"That blond woman," Trent said with assumed carelessness. "What about her?"

"She has praised your face and figure before one who, when he is jealous, kills."

"Me?" cried Trent with an air of astonishment, "why I only told her she was a rotten golfer."

He groaned in spirit. His stay at Castle Radna was going to be very difficult. Hentzi watching him closely only saw a face which expressed little interest. He was used now to sudden questioning by this volatile cockney.

"What do you mean by the castle being a prison?"

"I should have said that it has held many prisoners in bygone years, and sheltered many of the great. This is not like your English castles where the lord has no power. Look you, not a year ago we stayed, the count and I, at such a place. The owner struck a careless servant and was obliged to pay a fine before a judge. Think of it! An English lord haled into court by his own footman and fined. There is nothing like that here so when you are struck again do not think of an English policeman and a fine. I wish you to stay. When Sissek drives down the mountain I am always alarmed. You go twice as fast and I have no fear. Count Michæl desires you to stay."

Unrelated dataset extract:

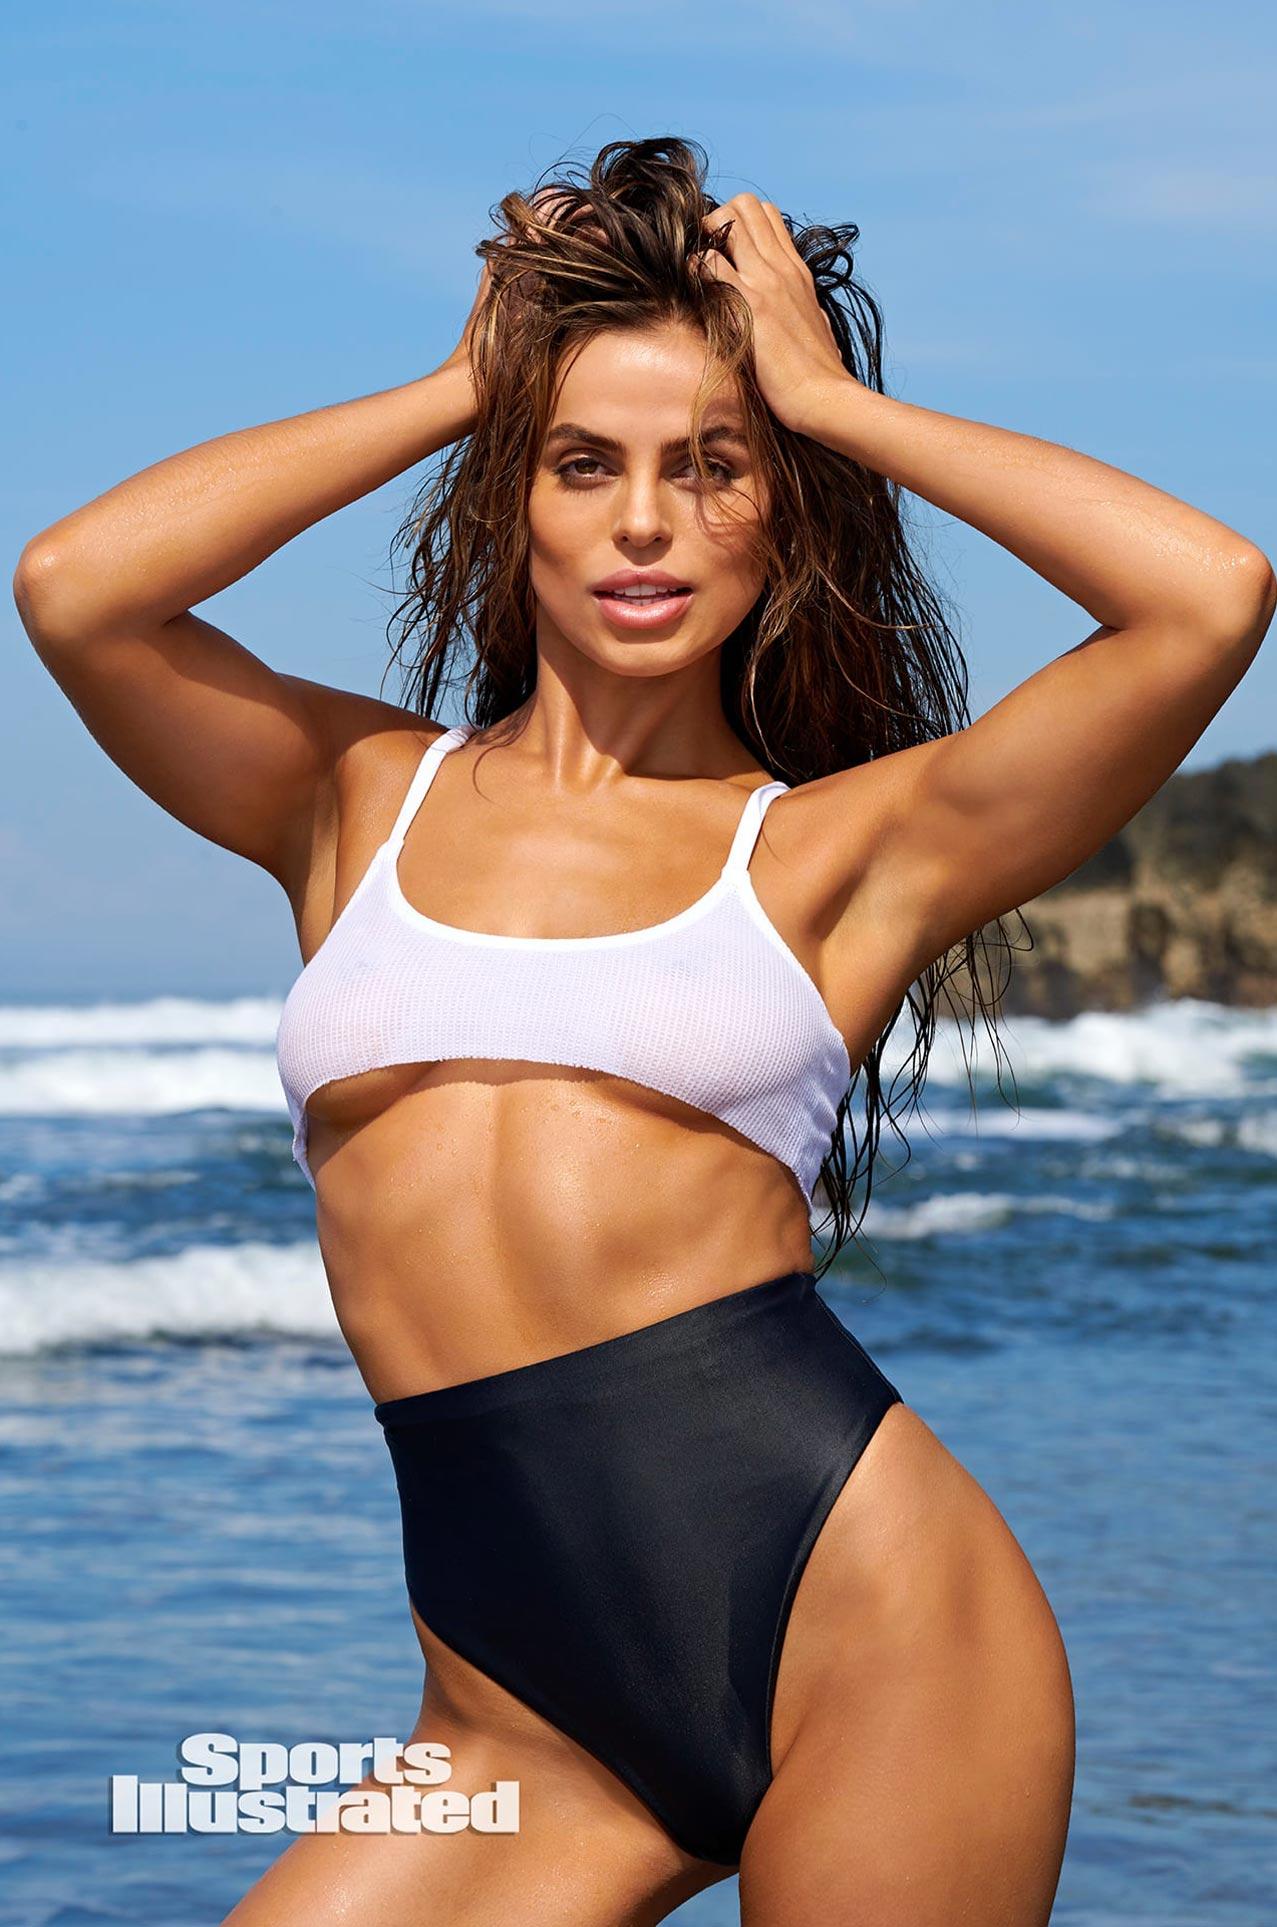 Брукс Надер в каталоге купальников Sports Illustrated Swimsuit 2020 / фото 08

"I haven't said anything about going have I?" Trent retorted. He supposed Hentzi was trying to warn him not to look covetously at the handsome Pauline. The warning troubled him. He was of a physical type to which blonds of the Pauline type were invariably attracted.

"Many have died for her," Hentzi went on, "the young officers who flocked to see her skate. There were scandals. She was sent away from Berlin. She was in America, in England and Petrograd. She is cruel. I am afraid of her."

"I'm only a blooming chauffeur," Trent said carelessly, "and I wish I had never carried clubs at the Royal Surrey."

"You are also good looking," Hentzi said, "and of a superior type. Furthermore you are young and she has seen you play better than any man she has met and she has seen you fight. I warn you."